Set down each record that follows exactly. Drop the images.

→ Extracted information
━━━━━━━━━━━━━━━━━━━━━━━━━━━━━━

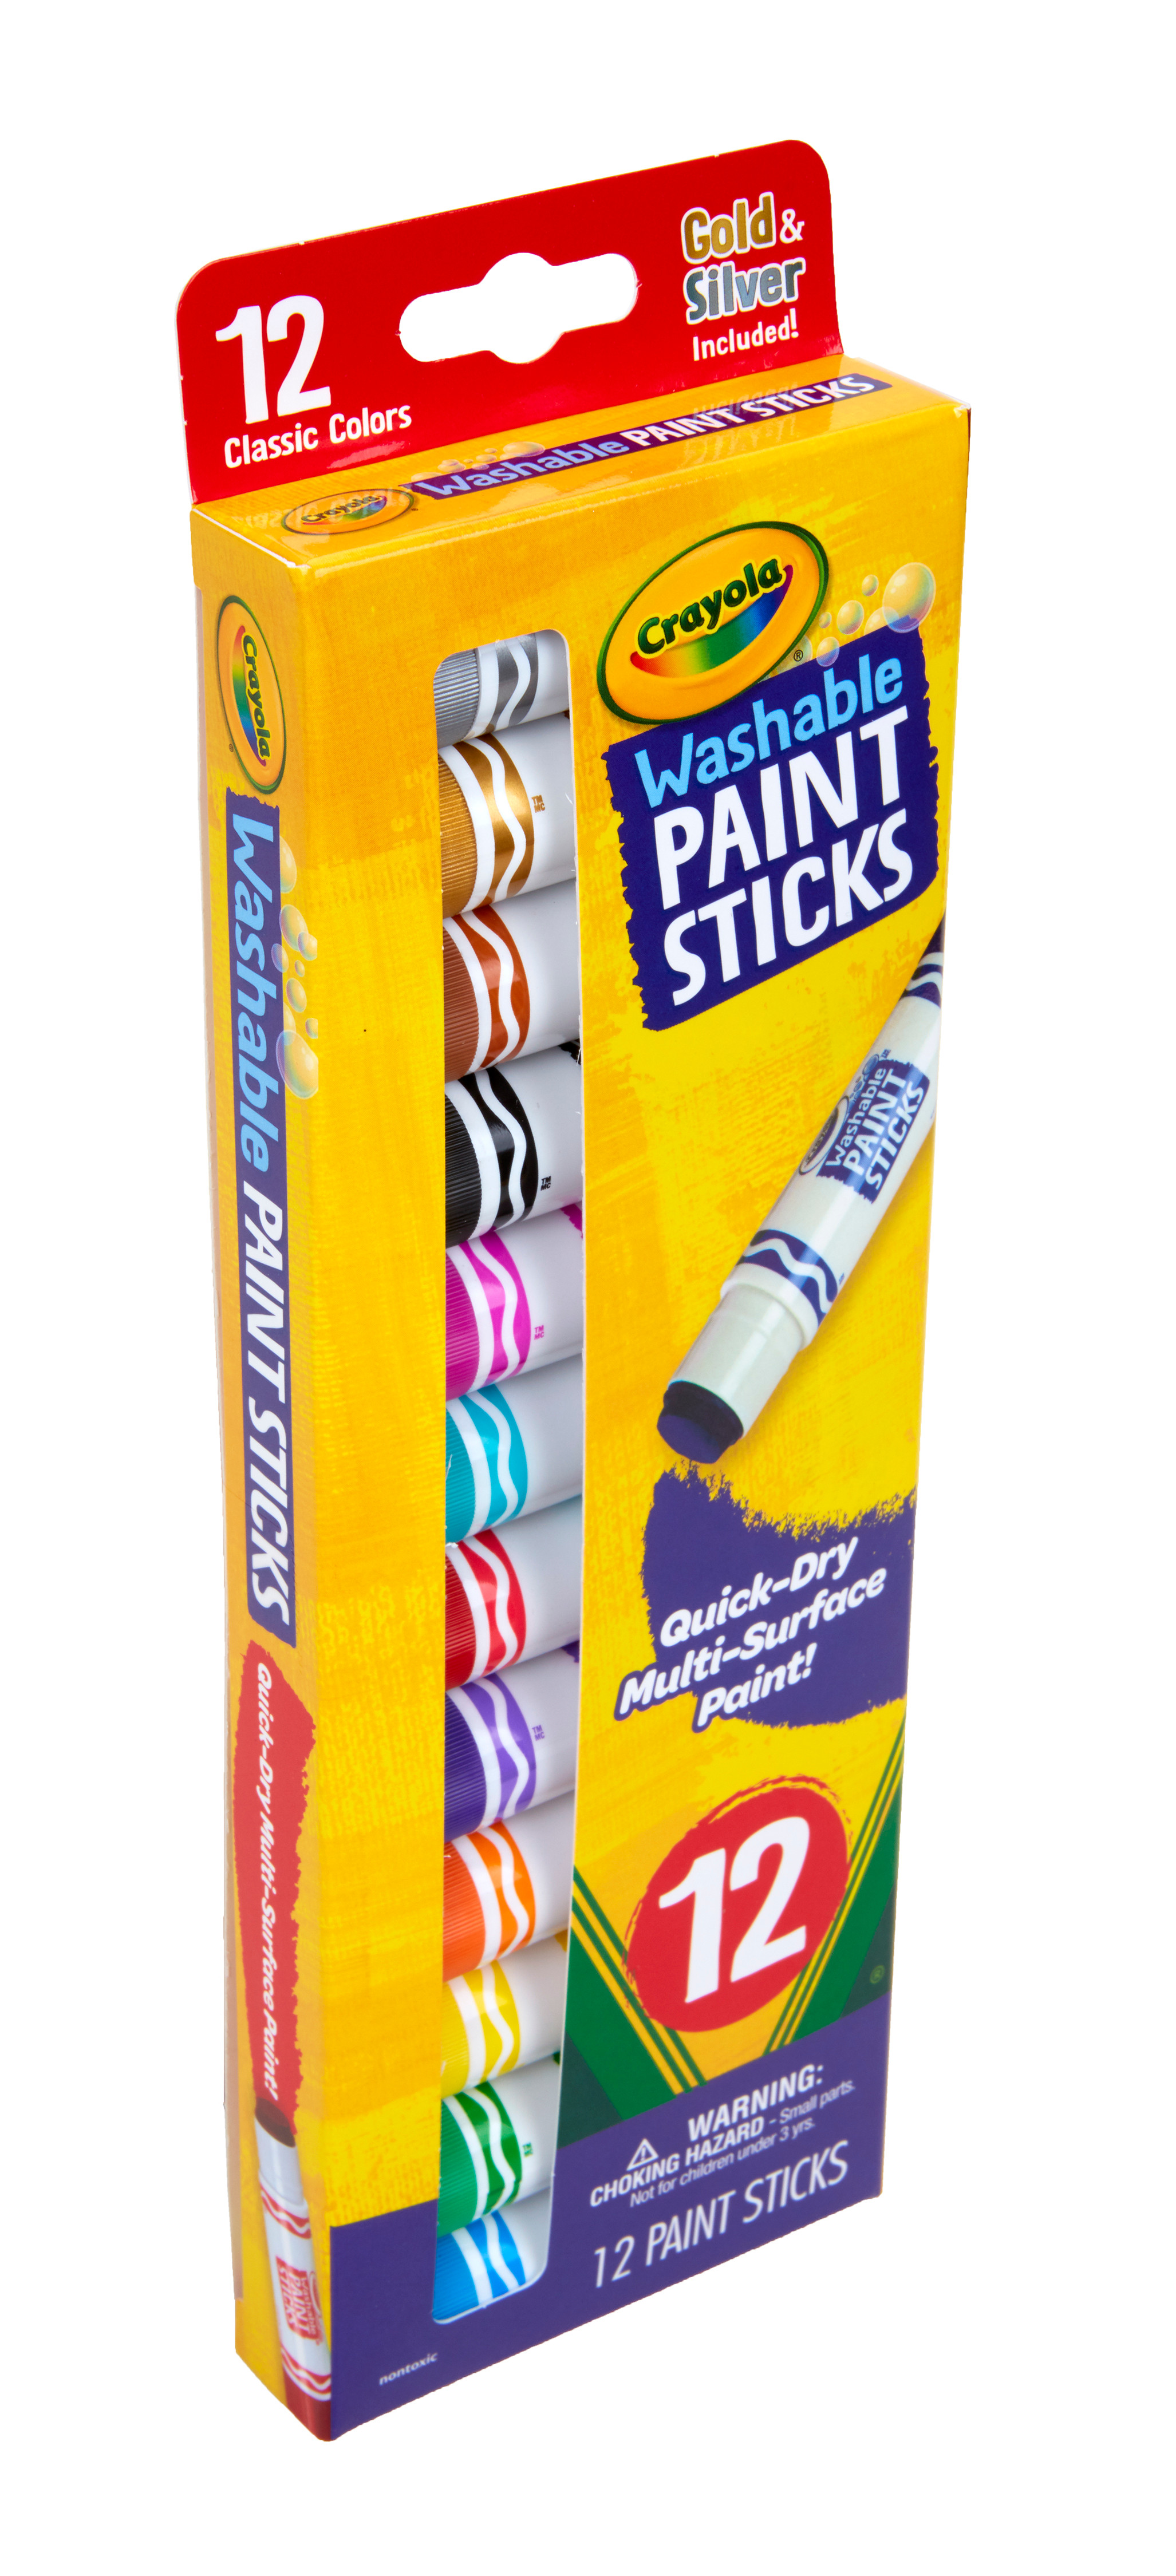 Crayola Quick Dry Paint Sticks, Assorted Colors, Washable Paint Set for Kids, 12 Count - image 5 of 8
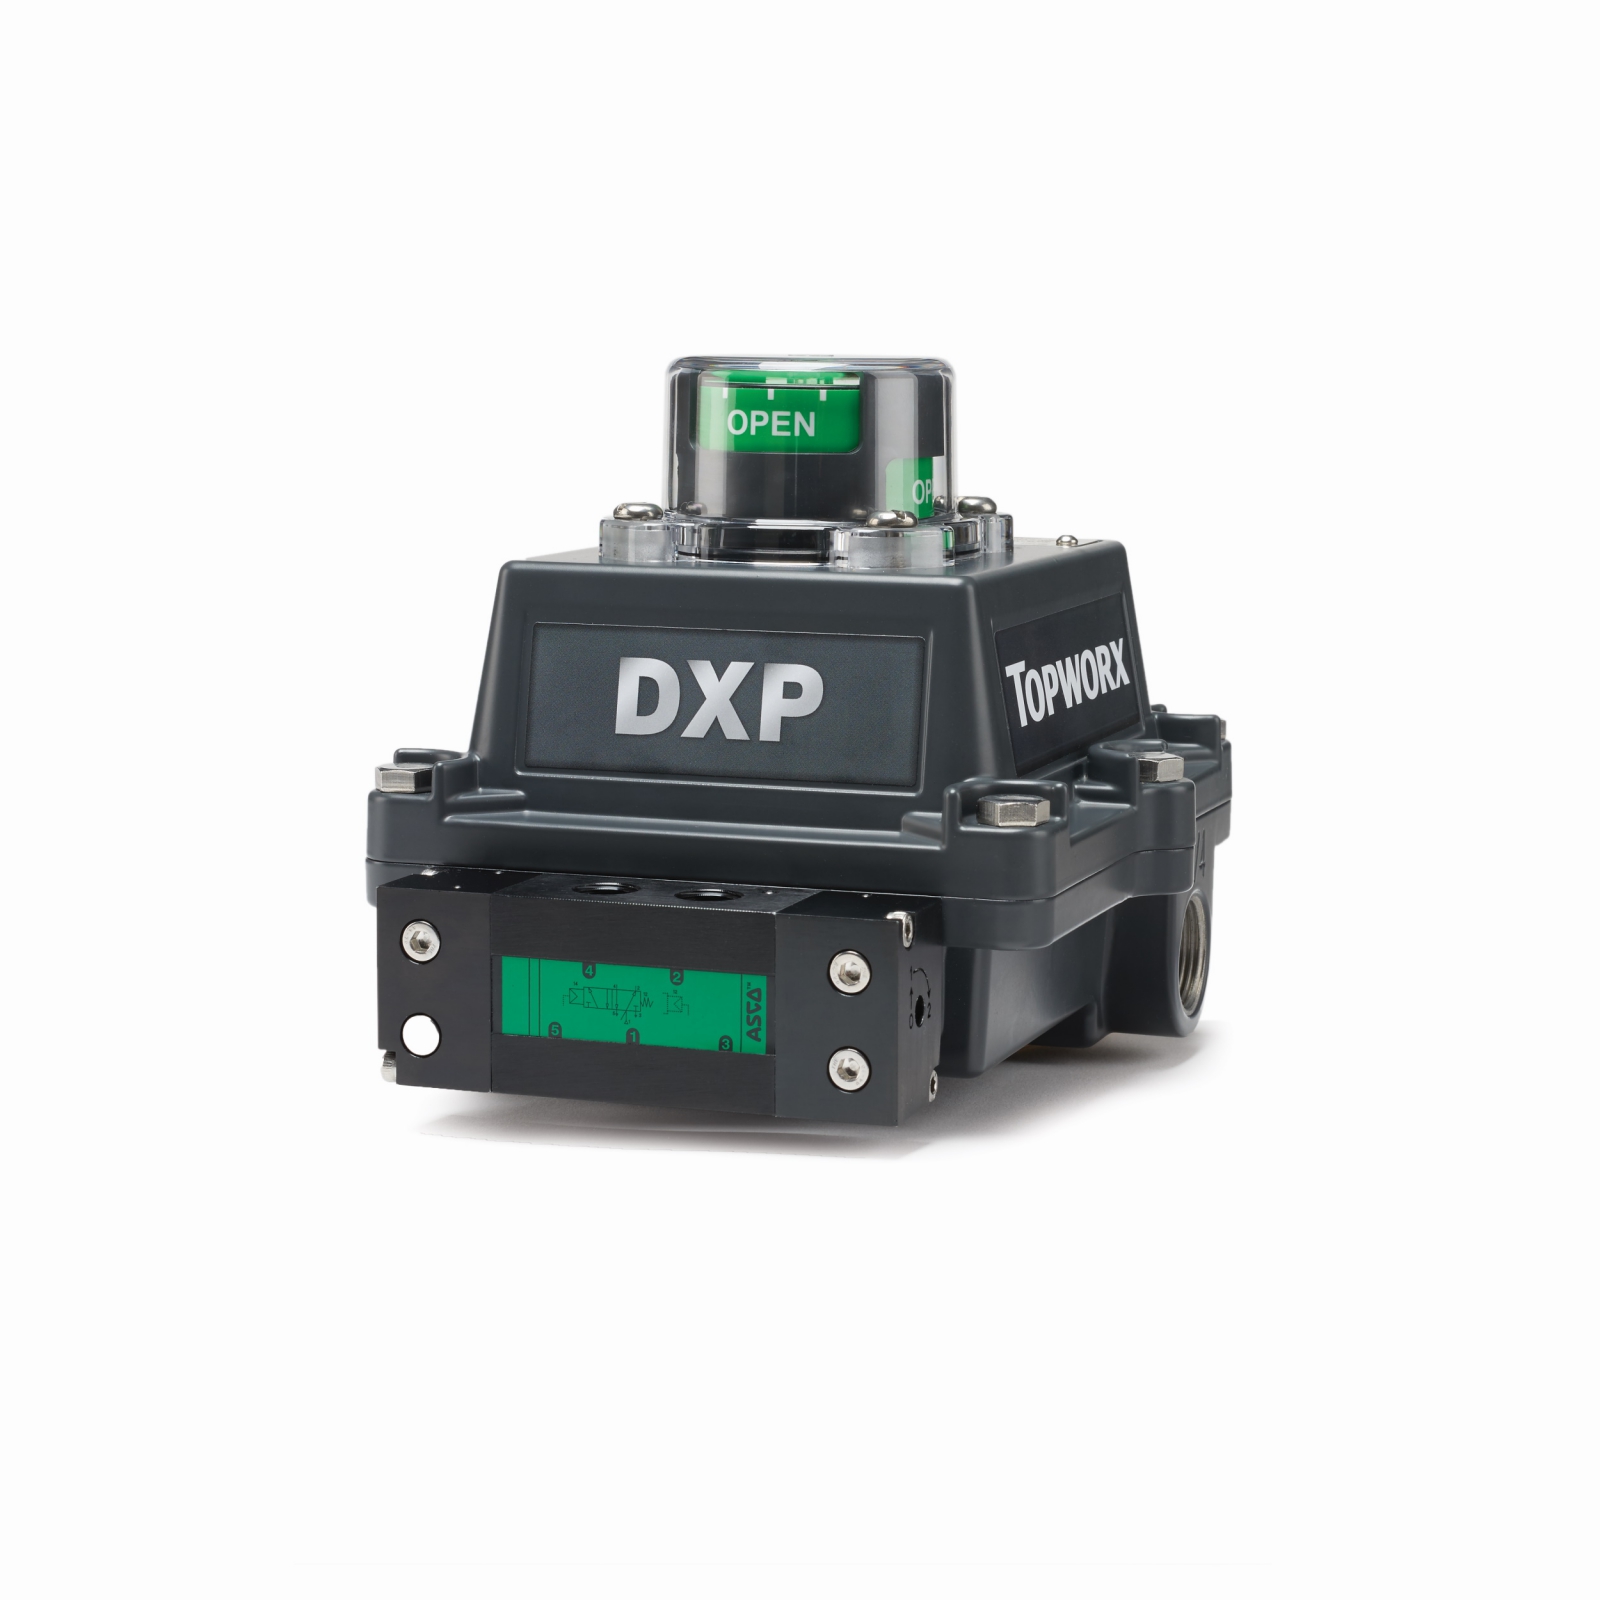 TopWorx D-Series discrete valve controllers with
HART are certified for use in every world area for
continuous performance monitoring
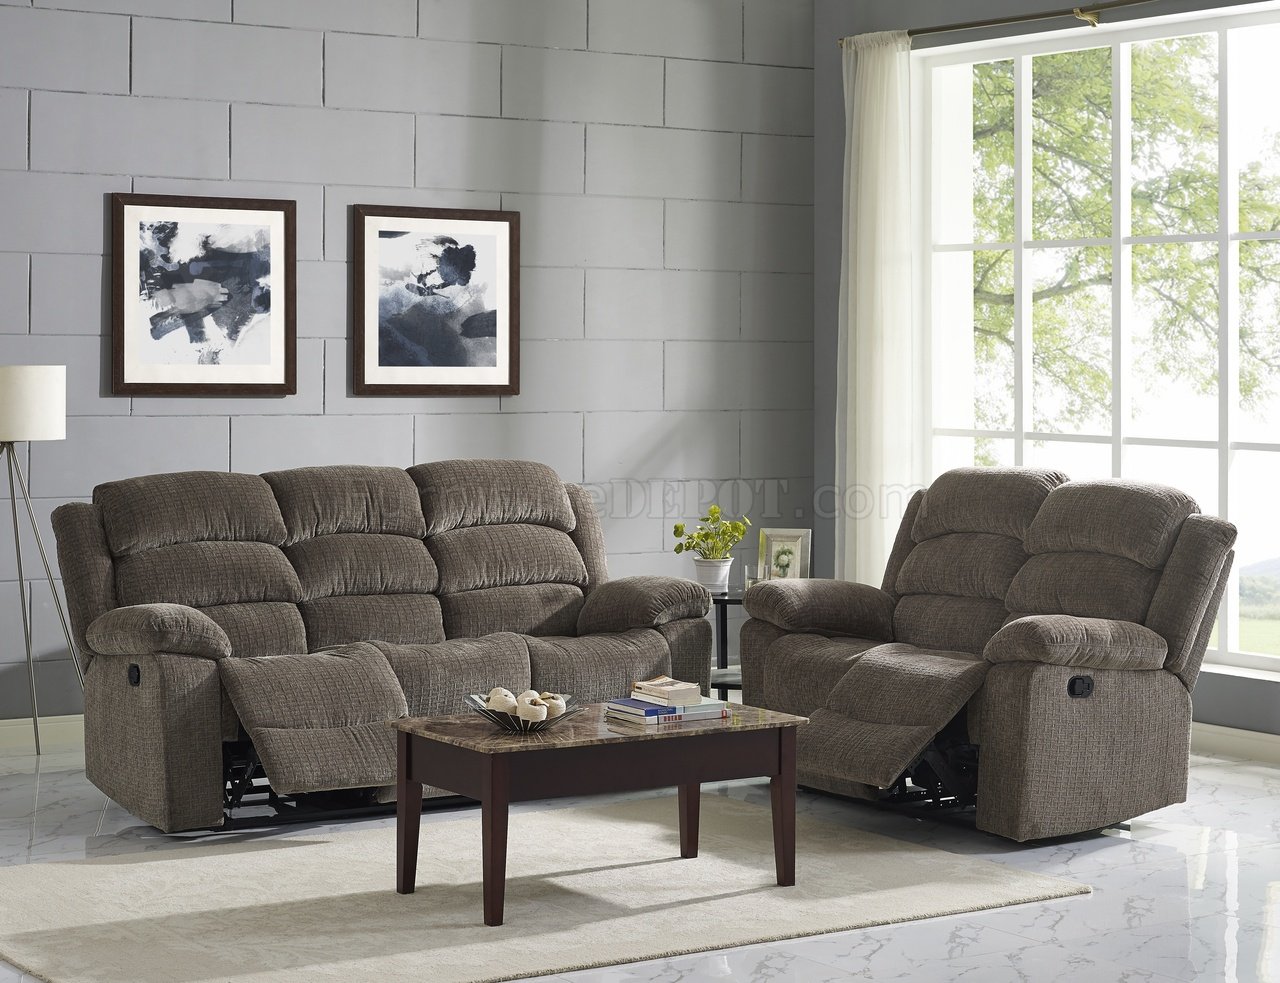 Austin Motion Sofa 2134 In Stone Fabric By Ncfurniture W Options

━━━━━━━━━━━━━━━━━━━━━━━━━━━━━━

→ Your solution
 Crayola Quick Dry Paint Sticks, Assorted Colors, Washable Paint Set for Kids, 12 Count - image 5 of 8
 TopWorx D-Series discrete valve controllers with
HART are certified for use in every world area for
continuous performance monitoring
 Austin Motion Sofa 2134 In Stone Fabric By Ncfurniture W Options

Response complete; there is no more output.